• _SOURCE MATERIAL_:
*** Begin section ***

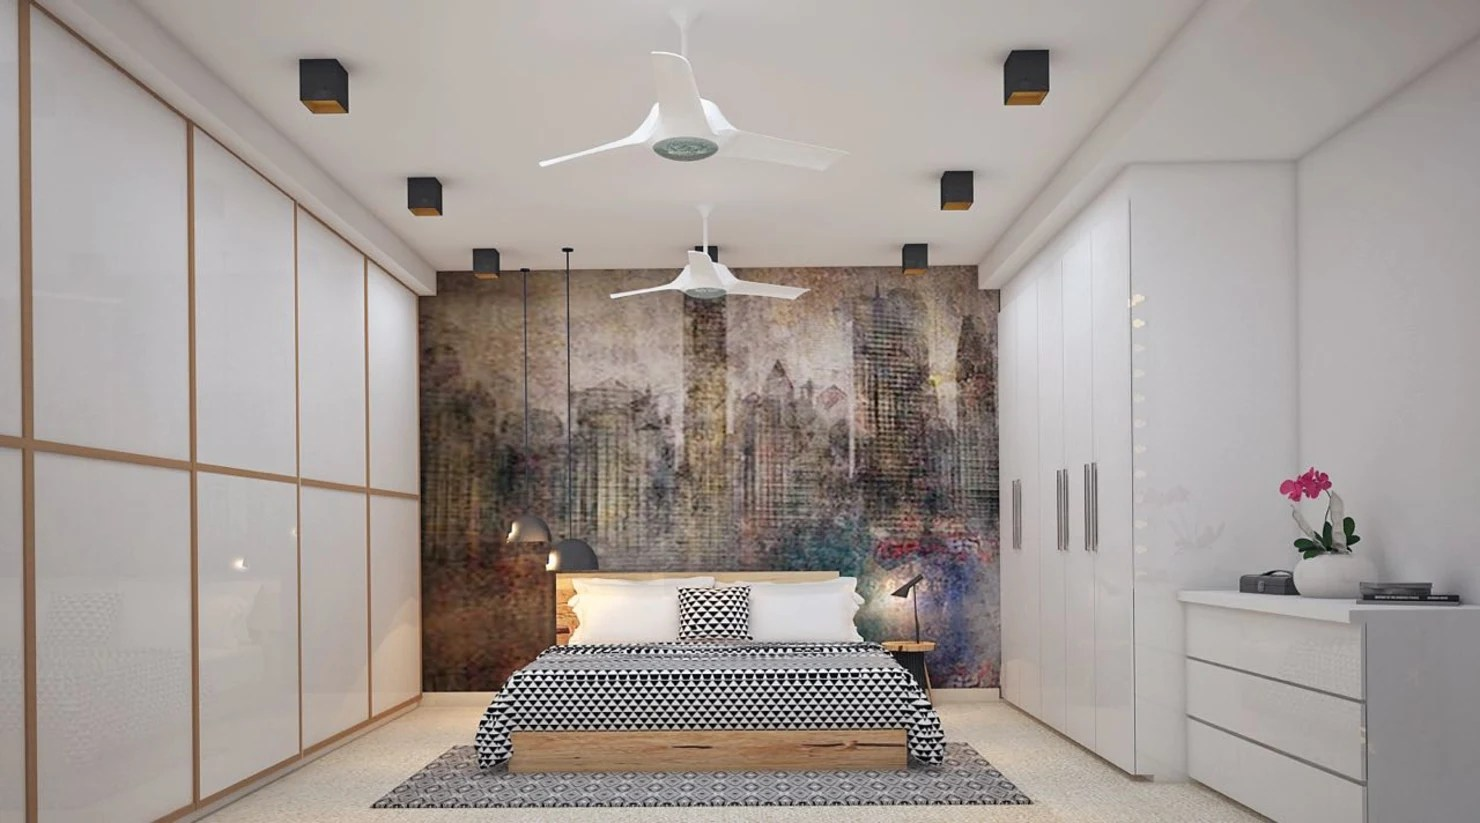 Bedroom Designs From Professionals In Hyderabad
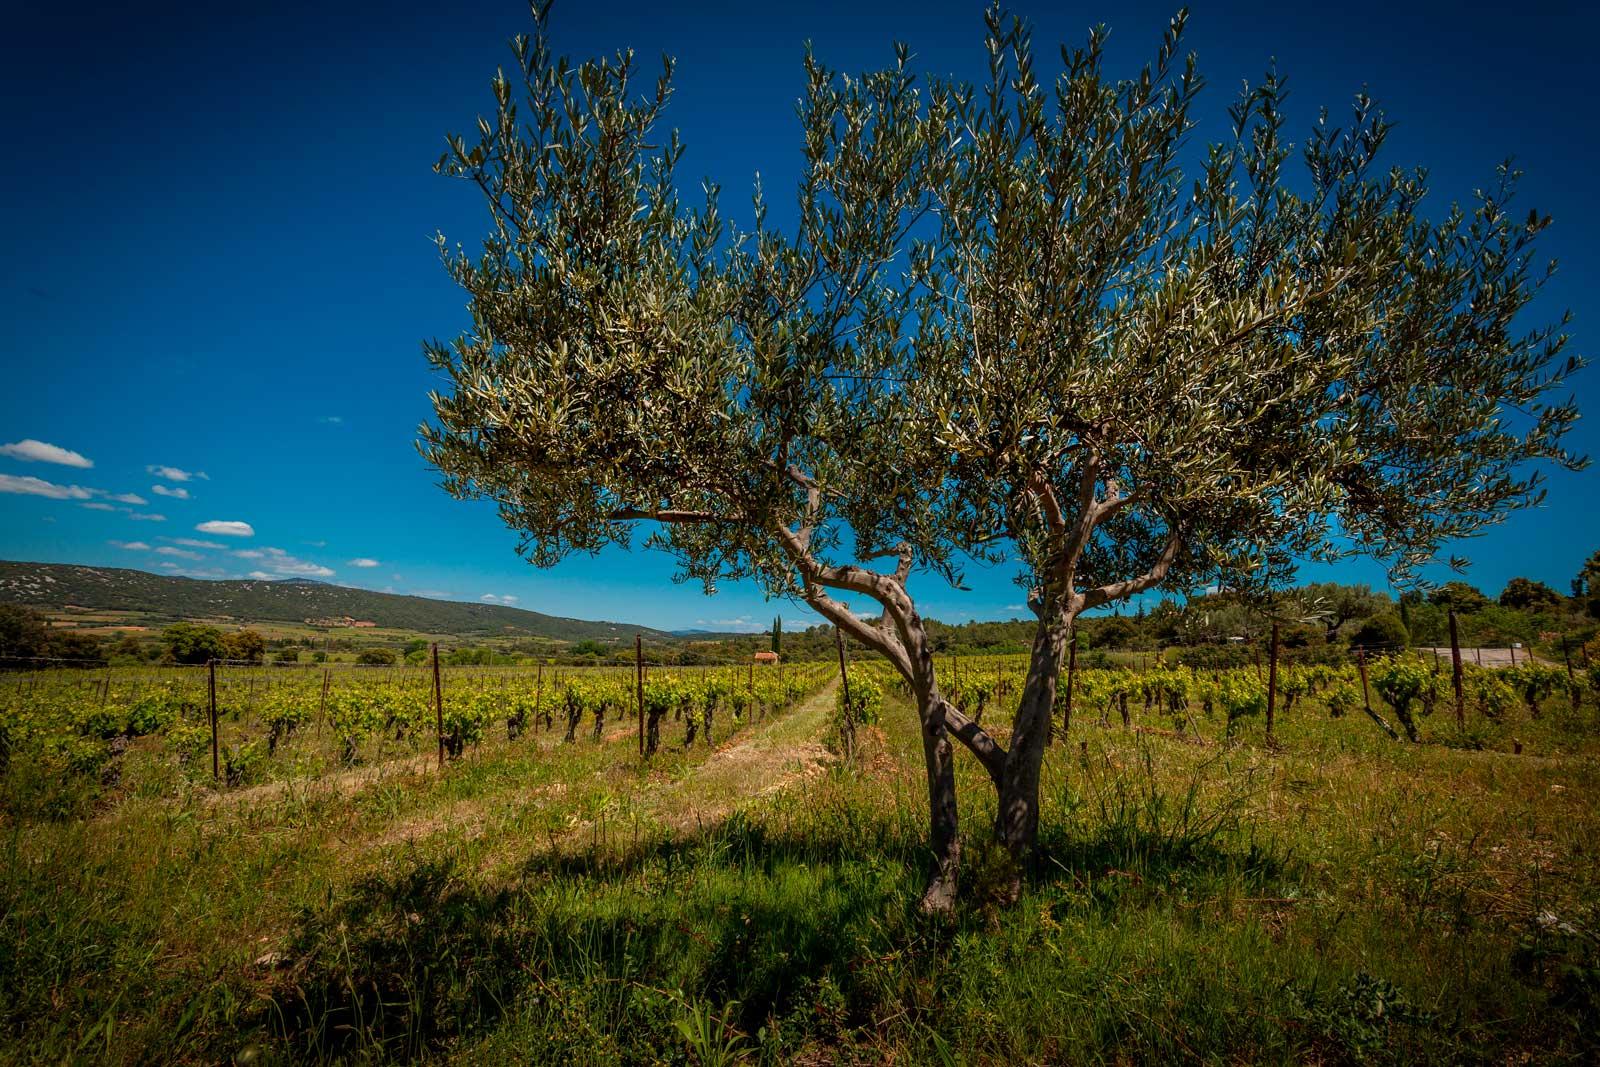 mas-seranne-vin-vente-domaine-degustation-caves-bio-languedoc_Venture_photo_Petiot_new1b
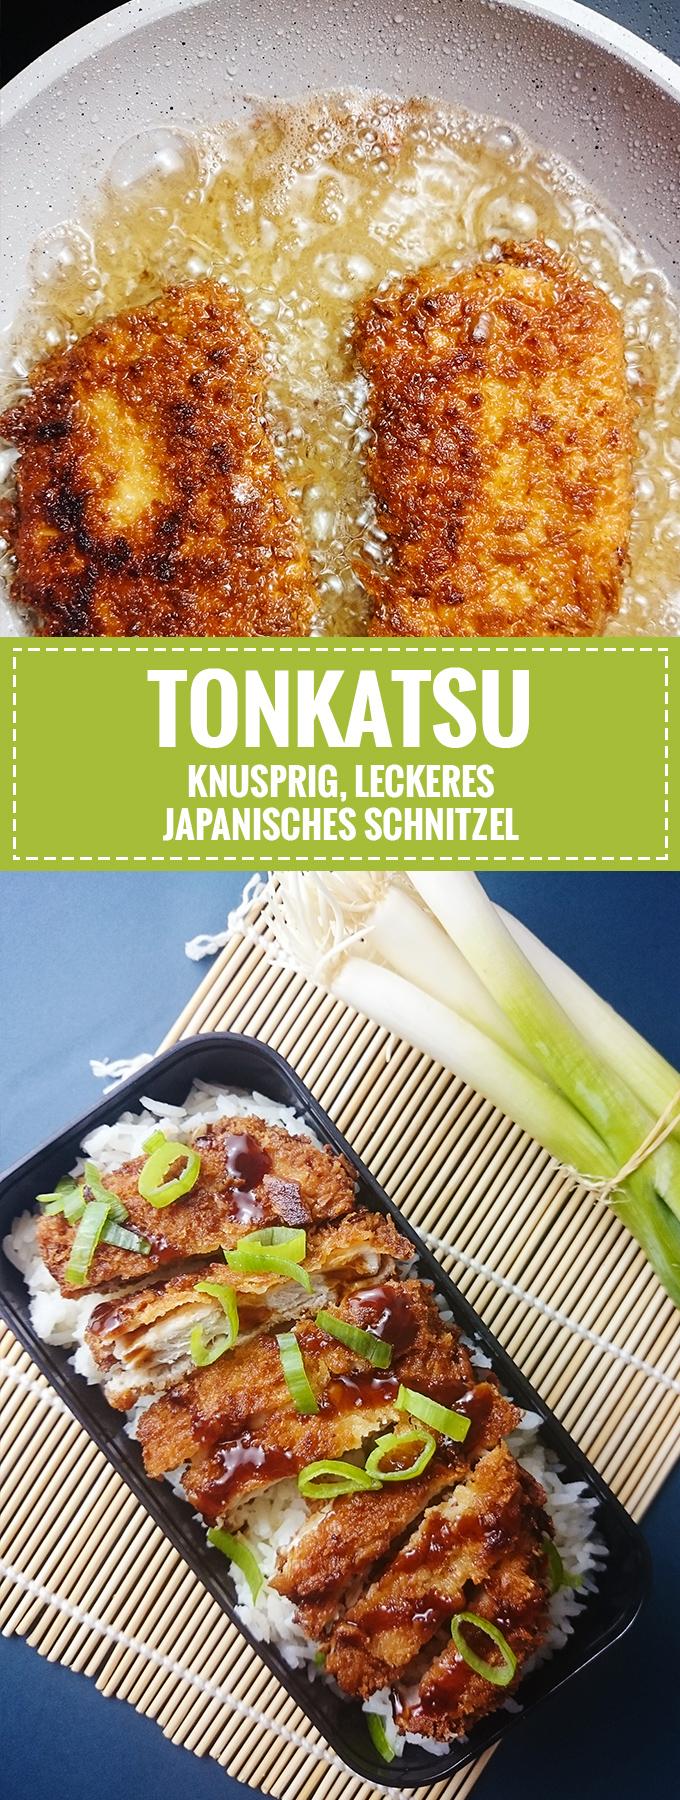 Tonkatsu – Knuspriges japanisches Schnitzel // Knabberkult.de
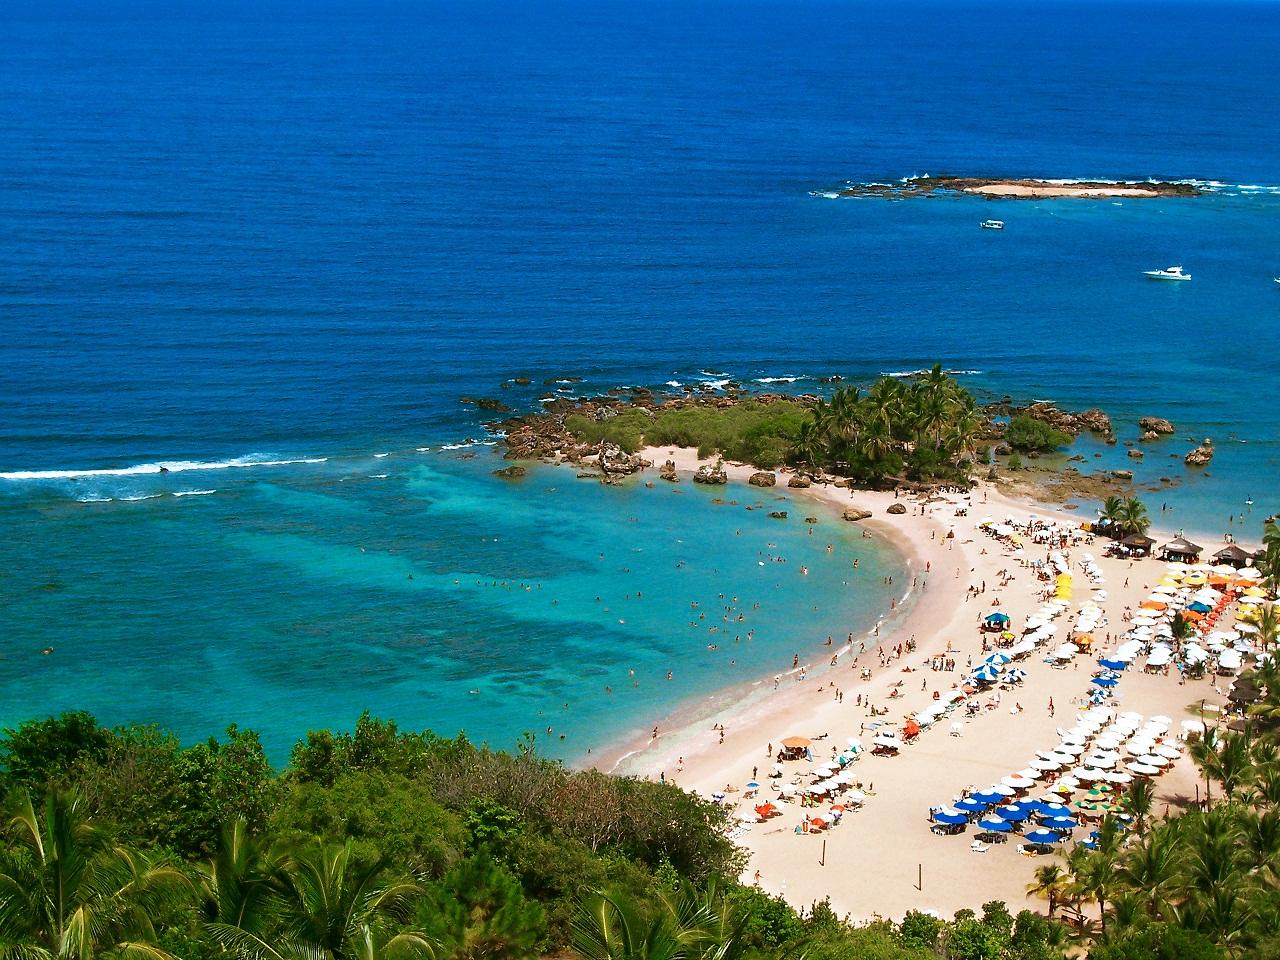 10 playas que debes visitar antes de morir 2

*** End section ***

• _WHAT YOU NEED TO DO_: Copy the whole listing exactly, excluding the pictures in it.

• _RESPONSE TO THE EXERCISE_:
 Bedroom Designs From Professionals In Hyderabad
 mas-seranne-vin-vente-domaine-degustation-caves-bio-languedoc_Venture_photo_Petiot_new1b
 Tonkatsu – Knuspriges japanisches Schnitzel // Knabberkult.de
 10 playas que debes visitar antes de morir 2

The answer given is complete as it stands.